In the sample file above, the key llne is  <pb n="110v" facs="BD110V.JPG"/>.  This is how you indicate the separate pages or folios of the document.  Each <pb> element has two attributes:

  •  n: use this to give the name or number you wish this page to have.  Possible values include: '1', '2', 'Front cover', 'Inside fly leaf', '1r', '1v'
  •  facs: use this to point at an image of the page.  This should be the name of a file you upload to the community, within a zip folder, as explained in the Getting Started documentation.

You can also use a third attribute, rend.  You can use this to instruct the system to extract part of the image only.  This is very useful when you have (say) images of whole openings but you want to look at each page, the right or left half of the opening, on its own.  Say you have an image of an opening, 1-2.jpg, containing folio 1v as the left half and 2r as the right half.  This is how you would encode it:

        <pb n="1v" facs="1-2.jpg" rend="0,0,50,100" />
        <pb n="2r" facs="1-2.jpg" rend="50,0,100,100" />

You need one <pb> element for each page of the manuscript: so a 280 page manuscript will need 280 <pb> elements. There is no theoretical limit to the number of <pb> elements you can include.  Note that you can write either <pb n="2" facs="002.jpg"></pb> or <pb n="2" facs="002.jpg"/>.

**RefsDecls (reference declarations): the magic which makes it all work -- document structure  # #

The last section shows how you put in documents, refer to the pages of the document, and link the pages to images of them.  But as we saw from the Getting Started documentation, Textual Communities does far more than this.  It understands that a document is not just made up of pages, but those pages are composed of lines, or of columns themselves composed of line.  It also understands, crucially, that documents contain what we call 'entities' -- acts of communication, such as an instance of Dante's Commedia, or of the Gospel of John -- and it understands that those entities may be made up of further entities contained within them (as canticles containing cantos containing verses).  Then, most importantly, it knows how to link documents and entities, at every level, so that it knows exactly which part of the first canto of Dante's Inferno is contained in which line of which page of which document.

Textual Communities knows how to do these things through "RefsDecls": reference declarations.  This is a mechanism invented by the Text Encoding Initiative to related encoding within TEI documents to their representation in other systems: for example, associating the statement "Book 1" with <div n="1" type="book">.  We have taken this over, and extended the RefsDecls mechanism into a complete way of analyzing documents and the entities they contain.
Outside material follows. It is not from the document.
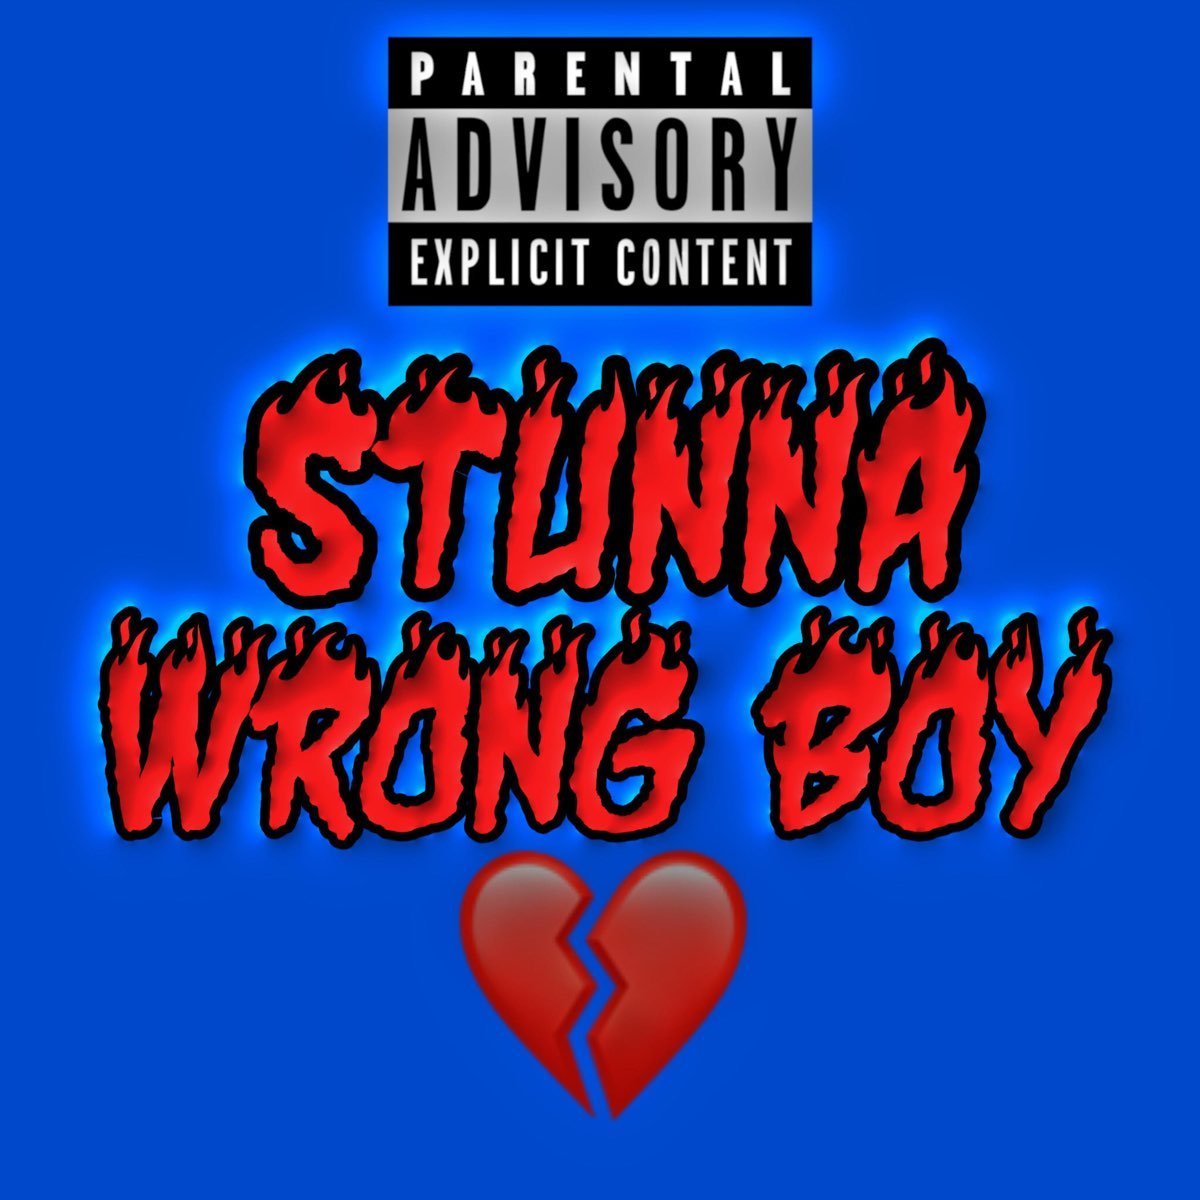 Young Stunna – Wrong Boy mp3 download free lyrics

In essence: TC uses refsDecls declarations to cut each text into pieces, with each piece belonging both to a "document" and an "entity".  All those pieces are then labelled and stored within a database, ready for extraction by the API: page by page, entity by entity.

Textual Communities is built on two pillars.  The first pillar is: 'Documents' -- manuscripts, printed books, anything containing text. We need to be able to identify documents, and then we need to be able to navigate them, page by page, column by column, line by line.  For this we need a referencing scheme: a way of saying, unambiguously, that I am referring to this page, this column, this line of this document.  Through this step, you tell Textual Communities how your documents are to be referenced.  To do this, choose 'Doc RefsDecl' from the 'RefsDecl' drop-down menu in the admin panel in your community:

This will take you to a document referencing system screen:

Here, you see the two default refsDecls provided by Textual Communities, for "Manuscript" and "Print".  Recall the declaration "<refsDecl det:documentRefsDecl="Manuscript" det:entityRefsDecl="Simple Poetry">" in the sample document given at the beginning of this entry.  This tells Textual Communities to use the default refsDecl "Manuscript" to process this file when it is uploaded.
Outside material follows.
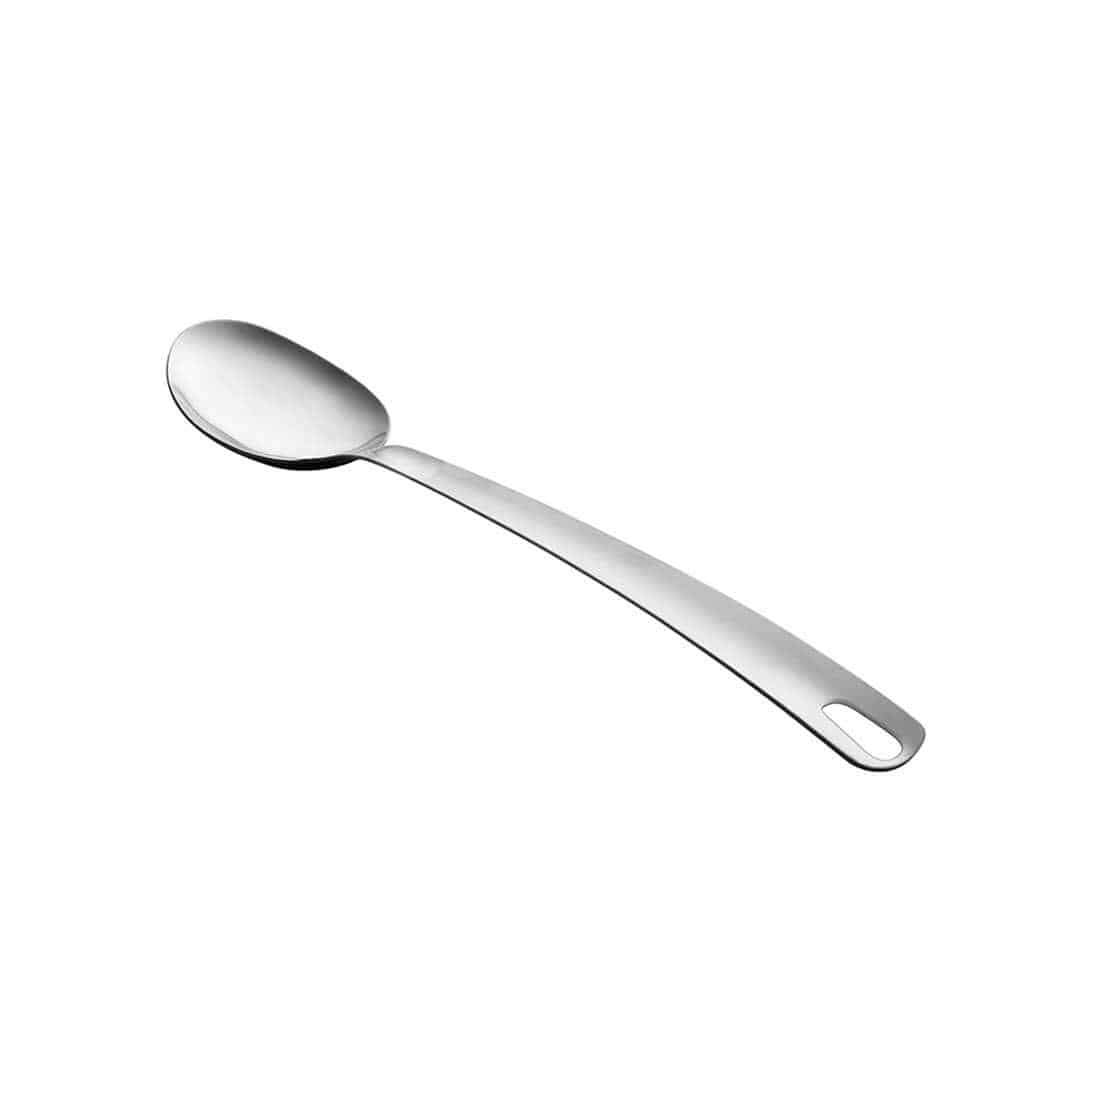 JAGDAMBA CUTLERY LIMITED Daily Needs 2 PCS Basting spoon Kitchen tool - LD

You can gain some sense of how a refsDecl works by choosing the 'Manuscript' declaration in this drop down menu, and studying what appears in the 'XML' box below:

    <cRefPattern matchPattern="urn:det:TCUSask:{{ community_identifier }}:document={{ document_identifier }}:Folio=(.+)" replacementPattern="#xpath(//pb[@n='$1'])">
    <p>This pointer pattern extracts and references a pb element for each folio.</p>

This fragment does two things:

  1.  It declares how each page in each document processed using this refDecl will be named. It will be given the urn "urn:det:TCUSask: community_identifier :document= document_identifier :Folio=(.+)", with the name of your community and document being substituted for community_identifier and document_identifier . It says too each page should be called a 'Folio' (not 'folio' or 'page'.).  It then assigns the Folio as the identifier found in the "n" attribute on each <pb> element.  Thus, in community BD37, document Bodley, the <pb n="110v" facs="BD110V.JPG"/> element is assigned the identifier "urn:det:TCUSask:BD37:document=Bodley:Folio=110v"
  2. It tells the database to associate all the text found in this page with this identifier. What happens is that when each document is loaded, the TC system reads the refsDecls for that document and then runs the Xpath expressions found in each cRefPattern (here, xpath(pb[@n='$1']) across the document, extracting all the text associated with that expression (here, the text of each page) and links it in the database to this page. In this case, it matches the element <pb n="110v" facs="BD110V.JPG"/> and assigns all the text following up to the next <pb> element (or, the end of the document) to that element.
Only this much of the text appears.